Немногочисленные жители Выселок сбегались на пожар, звенели ведрами, доставали воду из колодцев, поливали пламя, но погасить пожар было им не под силу.
— Что же ты натворил, окаянный, как мне теперя в глаза людям глядеть! — чуть ли не с кулаками набросилась Агриппина Терентьевна на сына.
— Я не хотел, случайно получилось, — оправдывался Спиря. — Злобенко, идиот, спичку запалил…
Еще долго над знойной степью висел густой дым от сгоревшей хаты и всех построек во дворе Деминых. Соседи-хуторяне отделались страхом: пламя не перекинулось на крыши других домов. На хуторе изначально селились не так, как в деревне: расстояния между дворами были большими, что и спасло Выселки и они не превратились в сплошное пепелище.

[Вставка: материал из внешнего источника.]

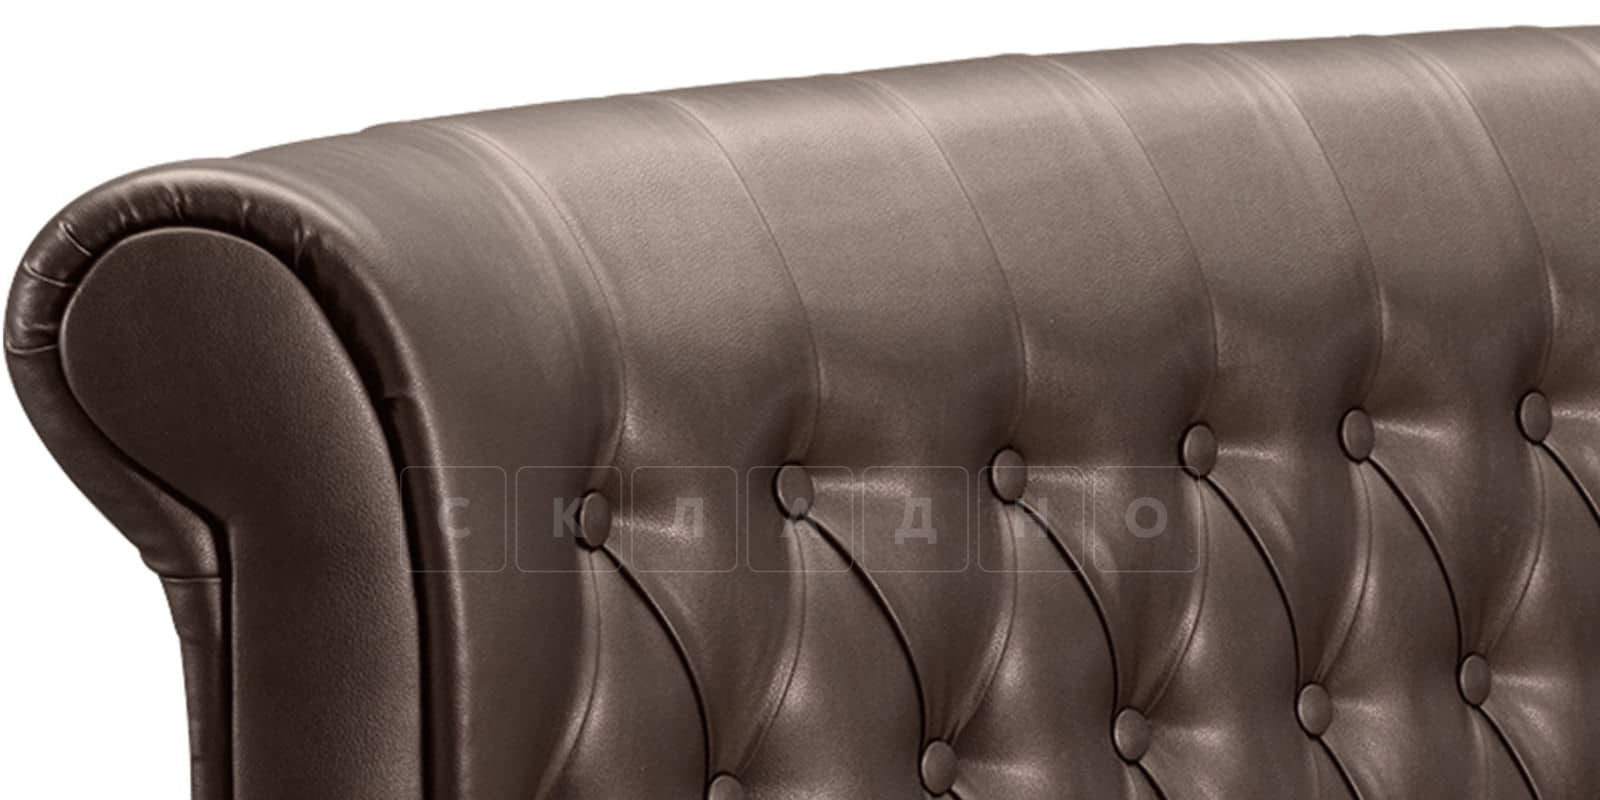 Мягкая кровать Вирджиния 160см экокожа шоколадного цвета фото 5   интернет-магазин Складно

Уязвленный и оскорбленный Спиря не оставлял намерения достать Евдокию и в Нагорном. Спустя неделю после того как надел форму полицая, он с этой целью, прихватив с собой для пущей безопасности Злобенко, появился в селе. Увидев его на улице, люди прятались в хатах.
— Зверь! — говорили о нем между собой нагорновцы. — Ужас, что творит энтот мерзавец… Хуже немцев!

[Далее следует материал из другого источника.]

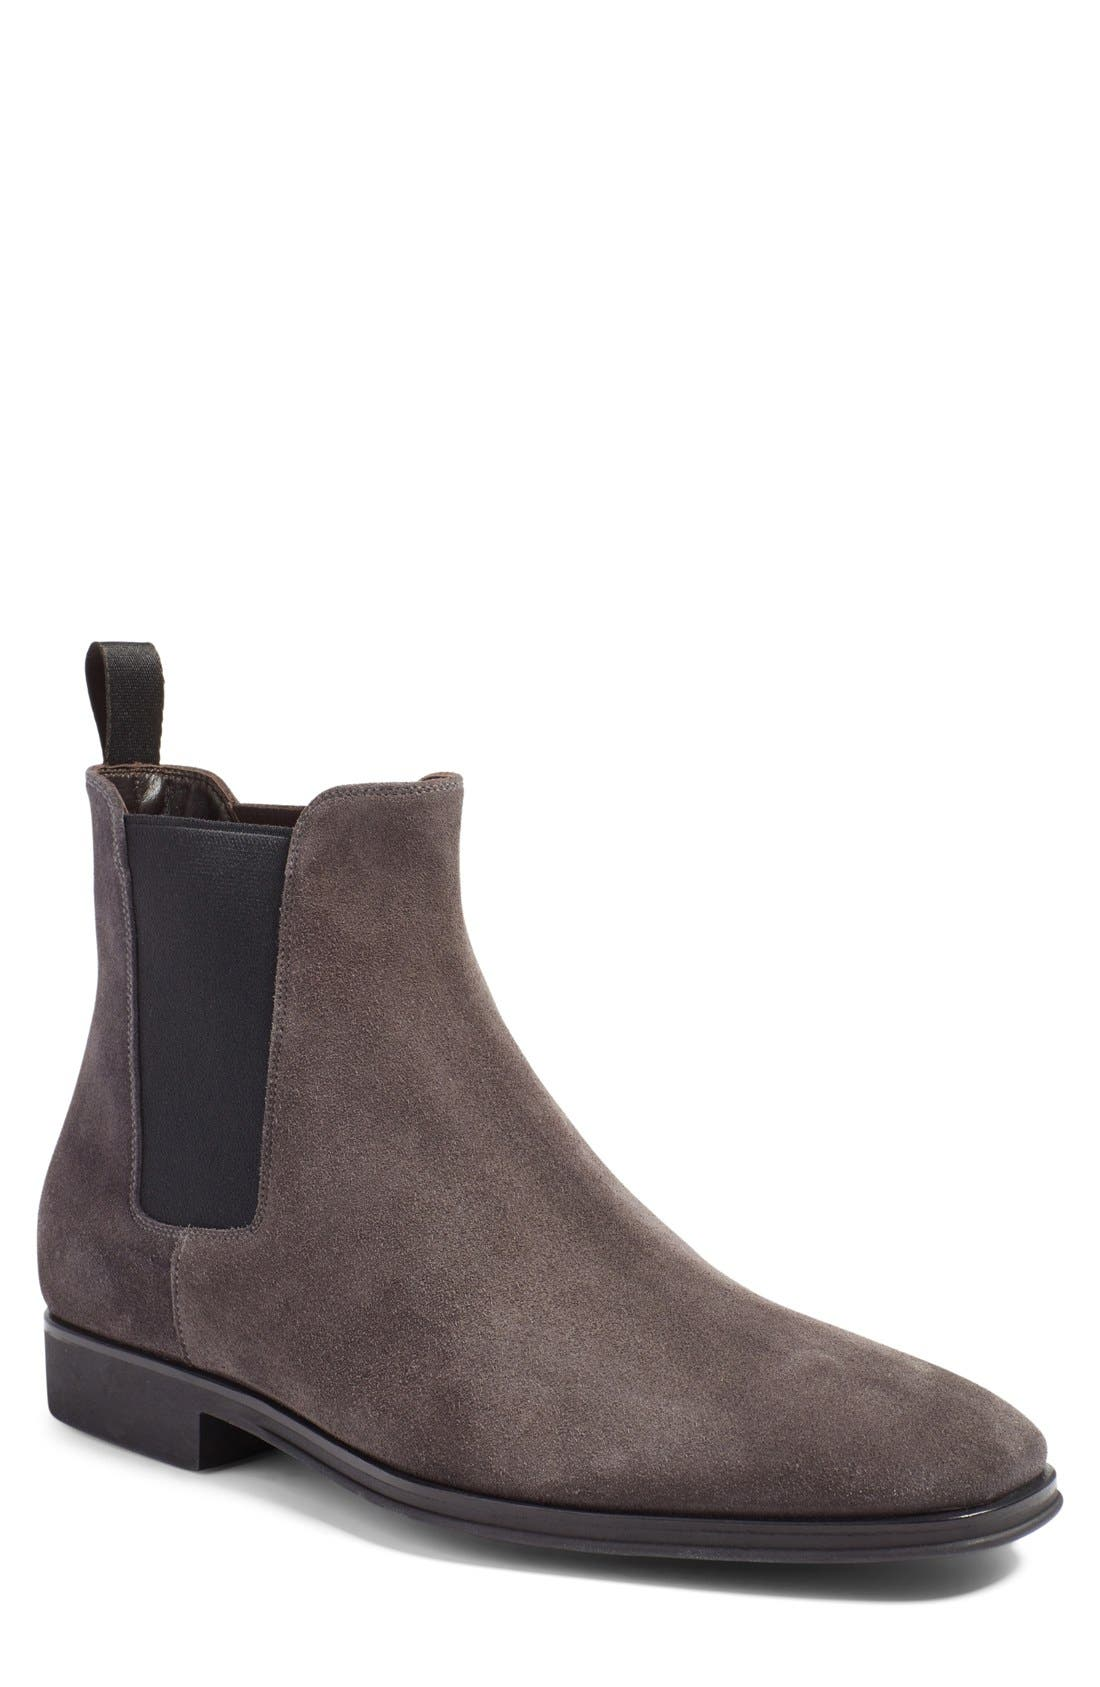 Enrico Chelsea Boot,                         Main,                         color, GREY SUEDE

— Такую славу нажил, не приведи Господь!
— Грабит и убивает… Но ежели раньше тайно, чтобы милиция не выследила, то нынче открыто…
— Власть такую ему дали хрицы!
Но Спиря, казалось, не замечал людей, не видел из злых глаз, он спешил к дому Лыковых, лелея мечту скорее увидеть Дуську, увидеть, а там…

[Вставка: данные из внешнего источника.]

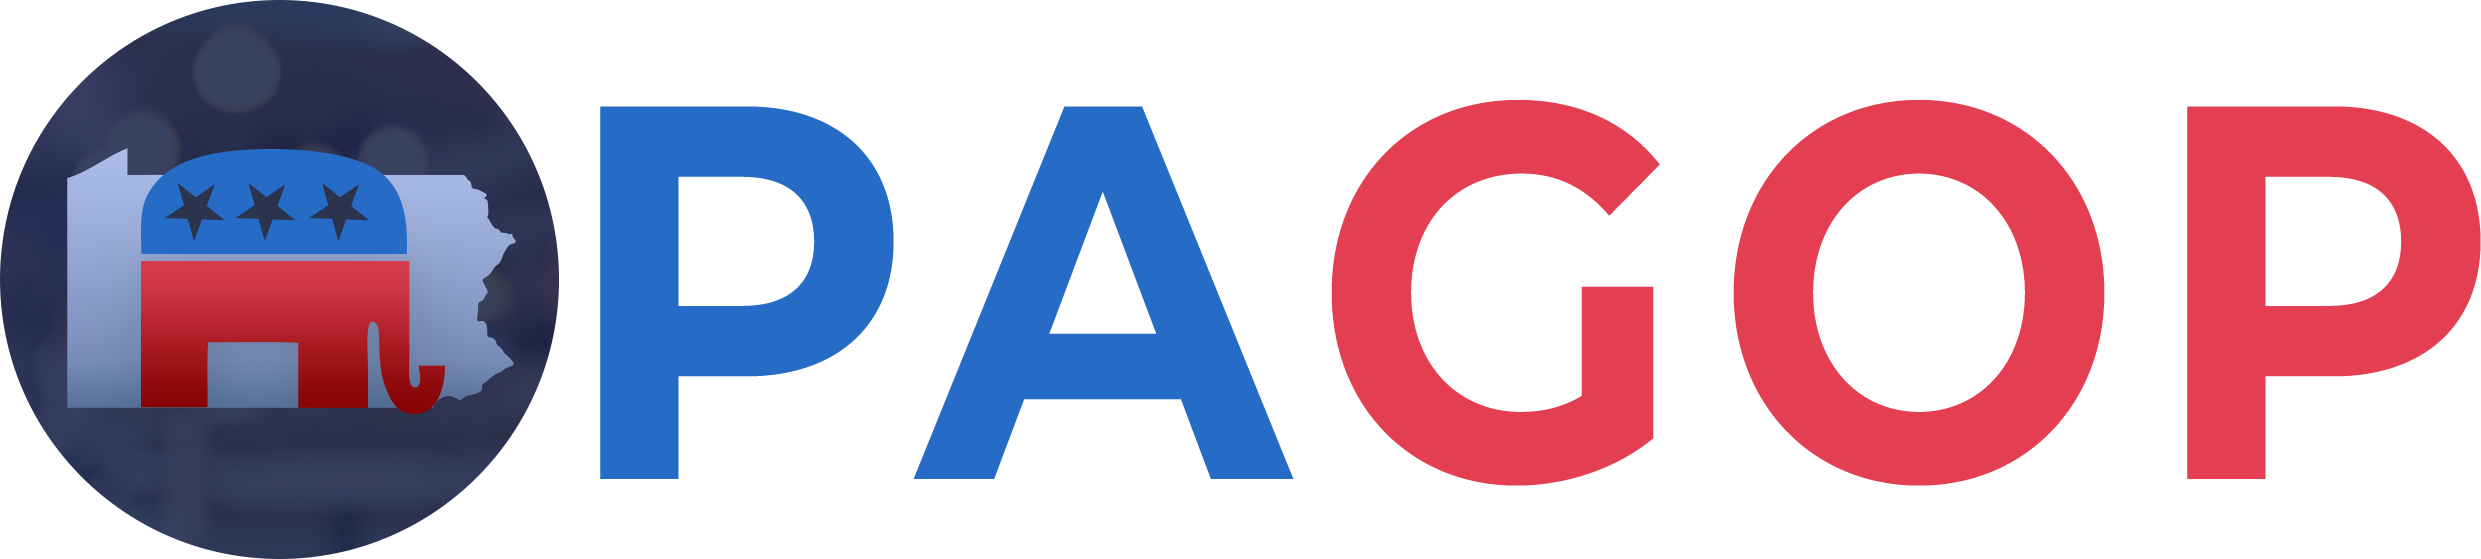 Republican Party of Pennsylvania

— Если что, ты вон из хаты, усек? — предупредил он едва успевавшего за ним такого же, как он сам, изувера полицая Злобенко.
— А я что — валух? — хихикнул полицай. — Мне нельзя поглядеть, как ты будешь ее… обкатывать, что ли? Не впервой ведь!
— Ты мне еще похихикай! — пригрозил Спиря, поднеся увесистый кулак к носу Злобенко, который отшатнулся назад: таким злым своего сослуживца он никогда не видел.
— Ладно, ладно, я пошутил, — стал оправдываться полицай. — Будто я голых баб не видел… Сам с усам!
— Но эту не должен видеть, не дорос, усек?…
Во дворе Лыковых, кроме чирикавших воробьев на увядающем кусте сирени под окном хаты, было пусто. И на двери висел тяжелый замок.
— Сбивай замок!
— Зачем? — пожал плечами Злобенко. — Дом же закрыт, там никого…
— Выполняй, говорю!
Полицай несколькими ударами приклада сбил замок. Дверь распахнулась, но в доме действительно — ни души.
— Я же говорил! — торжествовал Злобенко.
— Спряталась, стерва, мать ее, — выругался Спиря. — Но все равно, вот увидишь, Злобенко, будет она подо мной пищать! От Спиридона еще никто не спасался!
И он, уходя, со зла сорвал с петель калитку, которая со скрипом упала на землю.
А Евдокия необъяснимым чутьем догадалась о появлении в Нагорном полицаев, особенно ненавистного ей Спири, закрыла снаружи на замок дверь хаты, в открытое окно влезла опять внутрь, накрепко заперла изнутри рамы и забралась на чердак, где и спряталась в разном хламье. Так и пролежала она, дрожа всем телом, до самого вечера. «Раз замок на двери, — размышляла она, — стало быть, в хате никого нет и даже если вырвут замок и войдут в дом, тоже никого не обнаружат…»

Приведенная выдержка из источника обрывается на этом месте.